The sort of free will that Wegner supports is the free will that dictates that an “agent” has the ability to affect, or cause, an event. The ability to mentally conceive an action, perform the action, and subsequently feel or accept a sense of moral responsibility for said action is, according to Wegner, related to the consistency, priority, and exclusivity of the thought about the action prior to the actual performance of the action. But by proposing the simple idea that we have some sort of internal regulatory control; be it guilt, conscience, or “moral responsibility” could only insinuate that we have the freedom to choose to control or not control ourselves. With self regulation in place we then have the ability to choose our actions based on the control schema. By utilizing an example involving random and “uncontrolled” body movement, Wegner attempts to call into question the true “illusory” nature of our control. But as our conscious mental states are dependent upon our neural network, according to identity theorists such as Peter Carruthers, we can only assume that our limited understanding of what is truly going on inside of the brain is attributed to a misinterpretation of the movement.
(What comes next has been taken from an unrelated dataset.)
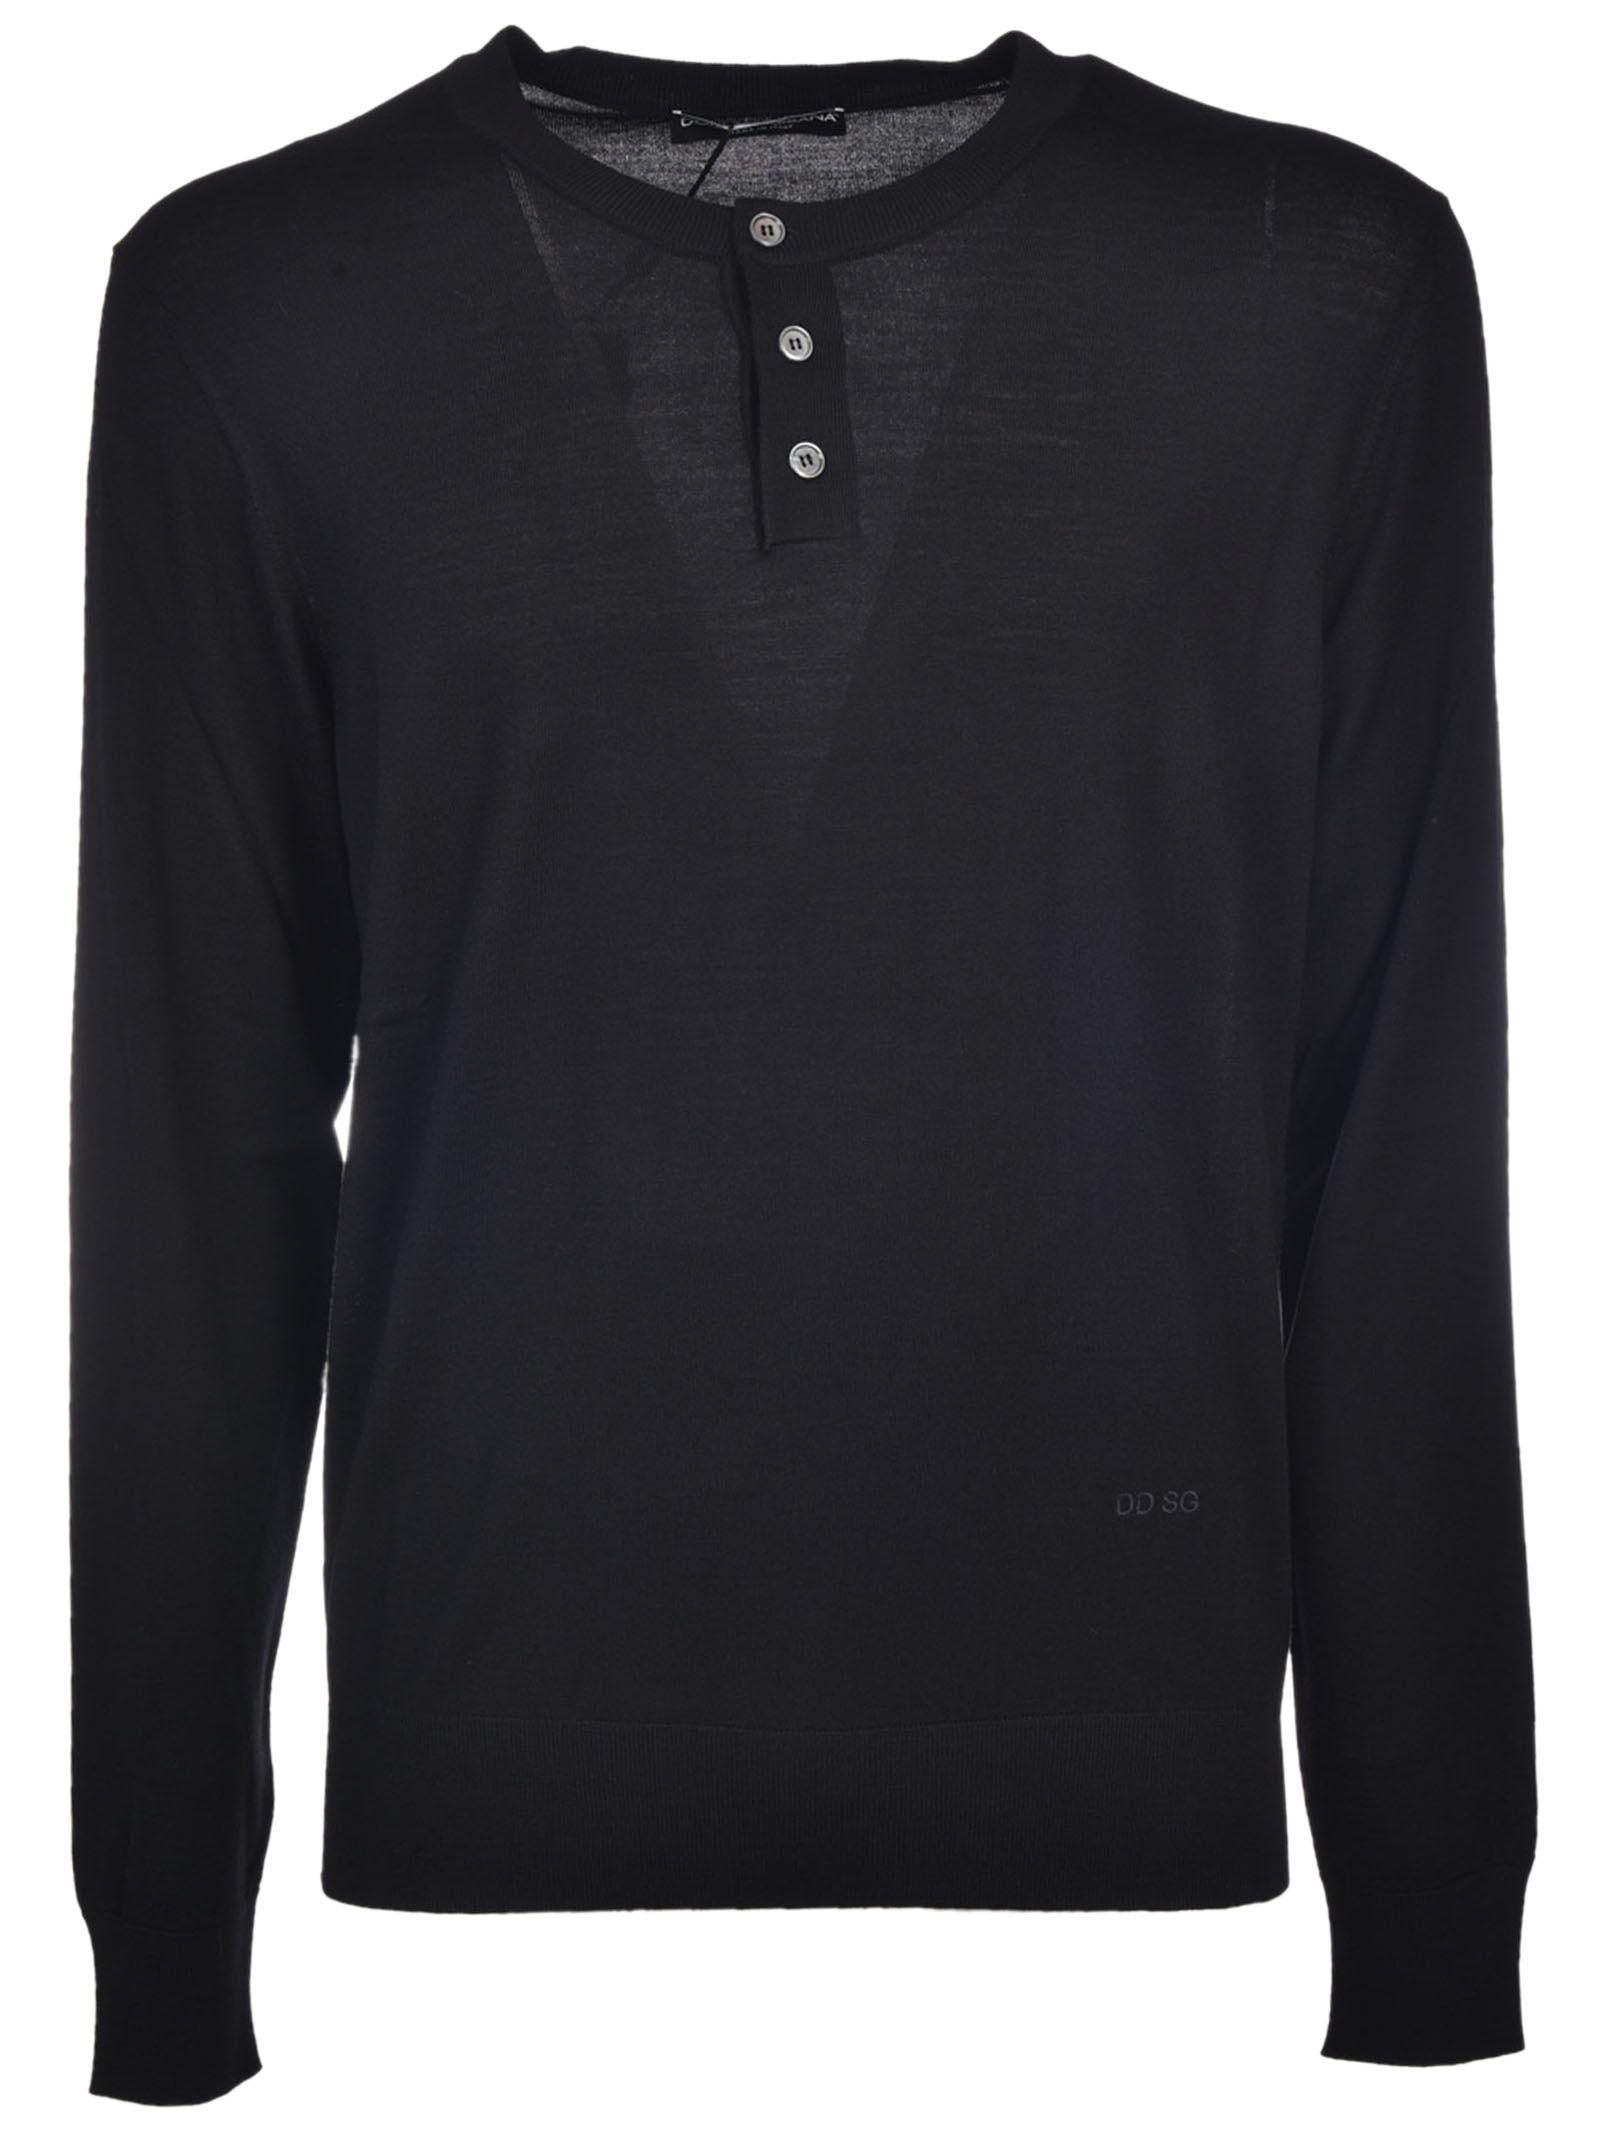 Dolce & Gabbana Buttoned Sweater

We can call some of them disease and others syndromes, but it could have the possibility of the mental exertion of free will. Some people who are limited in the control over themselves, and their minds, exhibit true free will be allowing themselves to have no control over their mind, or the actions that it induces the body to perform, it simply does the actions without a pre-cognition of the action itself. Finally by considering the idea of free will, and the lack of understanding of the natural processes as magical, we can only assume that his idea of personal identity is supported by the

ego theory, derived from Hume. Our experiences are simply a unity of conscious understandings and relations of our experiences. That there is a thinking self, and those who have no control over that, in my opinion are simply either defective, or are limited in their understandings of themselves and can therefore not control themselves. There is no “illusion” to the mind-body experience, no magic, we simply are and those who choose to limit themselves by believing in externally controlling forces are the travesties of man.